Unnamed: 0,Mes,Ano,Data,Cambio (R$ / U$$),IPCA_BASE_FIXA (1993 = 100),IPCA_MES (% a.m.),ProdIndustrial,Selic_OVER (% a.a.),Base_monetaria(M1) (R$ Bln),CPI US (% a.m.),FED INTEREST RATE (% a.a.),Produção industrial US,Base_monetaria(M1) (U$$ Bln)
0,1,1999,01/01/1999,150,146841,7,,"29,54%",3911,"0,18%","4,63%",876357,"1.098,10"
1,2,1999,01/02/1999,191,148383,105,,"32,61%",3918,"0,00%","4,76%",881298,"1.096,70"
2,3,1999,01/03/1999,190,150015,11,,"48,16%",3762,"0,06%","4,81%",882987,"1.096,60"
3,4,1999,01/04/1999,169,150855,56,,"32,15%",3646,"0,67%","4,74%",884947,"1.101,60"
4,5,1999,01/05/1999,168,151308,3,,"27,12%",3551,"0,06%","4,74%",890447,"1.103,80"


In [4]:
df.columns

Index(['Mes', 'Ano', 'Data', 'Cambio (R$ / U$$)',
       'IPCA_BASE_FIXA (1993 = 100)', 'IPCA_MES (% a.m.)', 'ProdIndustrial',
       'Selic_OVER (% a.a.)', 'Base_monetaria(M1) (R$ Bln)', 'CPI US (% a.m.)',
       'FED INTEREST RATE (% a.a.)', 'Produção industrial US',
       'Base_monetaria(M1) (U$$ Bln)'],
      dtype='object')

In [5]:
def clean_numeric_data(x):
    x = x.replace('.','')
    x = x.replace(',','.')
    x = x.replace('%', '')
    return float(x)

def train_model(model, train_data, train_label):
    model.fit(train_data, train_label)
    return model

def perform_evaluation(model, test_data, test_label):
    predictions = model.predict(test_data)
    mse = mean_squared_error(test_label, predictions)
    mae = mean_absolute_error(test_label, predictions)
    return {'mse': mse, 'mae': mae}

def build_metrics(model_name, results, metrics):
    metrics[model_name]['mse'].append(results['mse'])
    metrics[model_name]['mae'].append(results['mae'])

In [9]:
# hardcore way
X = df.drop(['Cambio (R$ / U$$)', 'ProdIndustrial', 'Data'], axis=1)
Y = df['Cambio (R$ / U$$)']

for col in X.columns:
    if X[col].dtype == 'object':
        X[col] = X[col].apply(clean_numeric_data)

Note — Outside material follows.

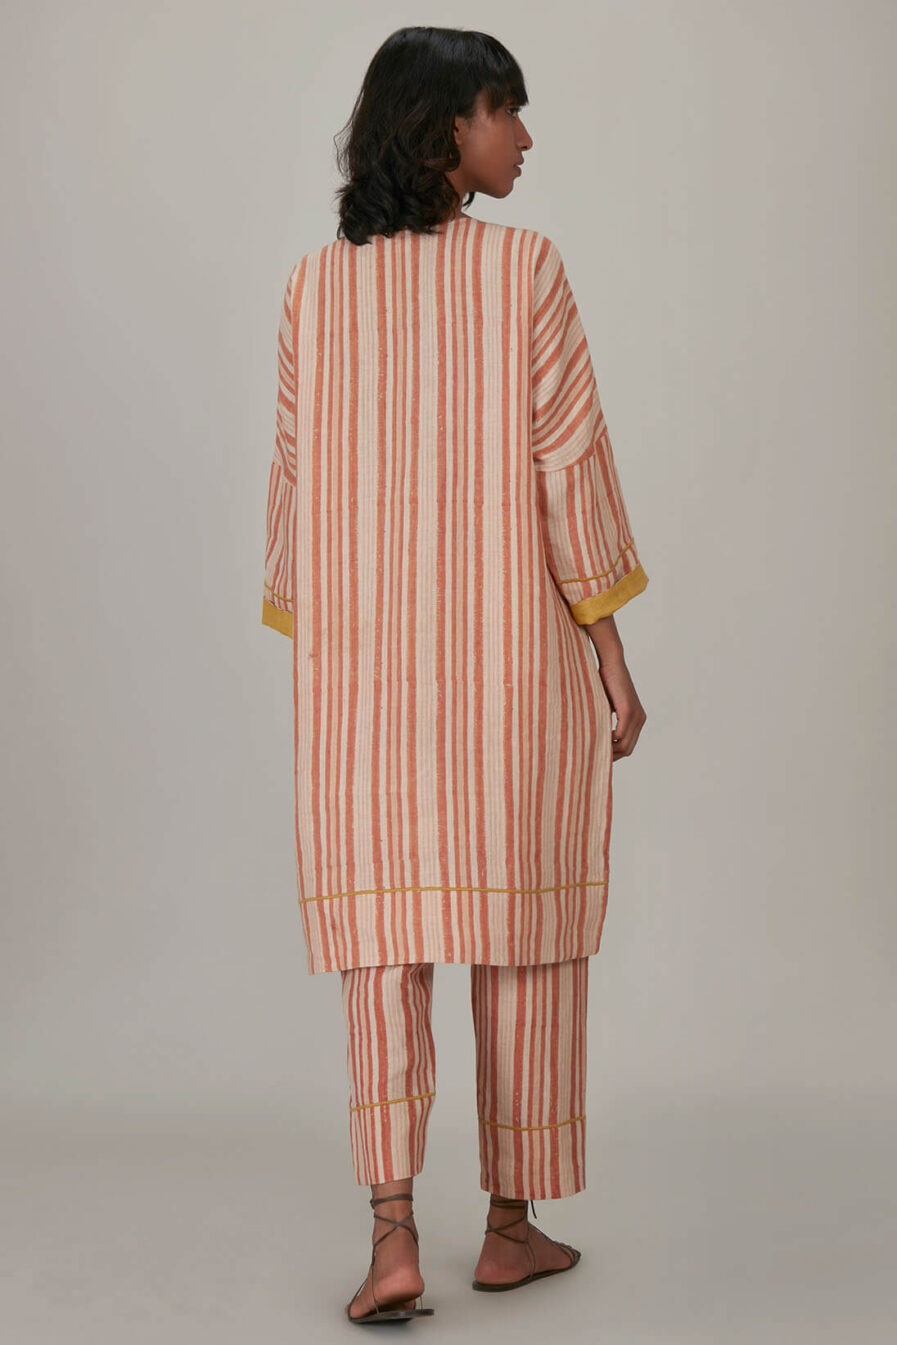 Anavila Peach Block Printed Stripes Organic Linen Tunic

Y = Y.apply(clean_numeric_data)#Y = Y.apply(np.log)

models = {
    #'LinearRegression': LinearRegression(),
    'SVR': SVR(),
    'RandomForestRegressor': RandomForestRegressor(random_state=42),
    'KNeighborsRegressor': KNeighborsRegressor(),
    'DecisionTreeRegressor': DecisionTreeRegressor(random_state=42),
    #'MLPRegressor': MLPRegressor()
}

tscv = TimeSeriesSplit(n_splits=20, test_size=1)
metrics = {name:{'mse':[], 'mae':[]} for name,_ in models.items()}

for train_index, test_index in tscv.split(X):
    X_train, X_test = X.iloc[train_index], X.iloc[test_index]
    Y_train, Y_test = Y.iloc[train_index], Y.iloc[test_index]
    #print(X_train.shape, X_test.shape, Y_train.shape, Y_test.shape)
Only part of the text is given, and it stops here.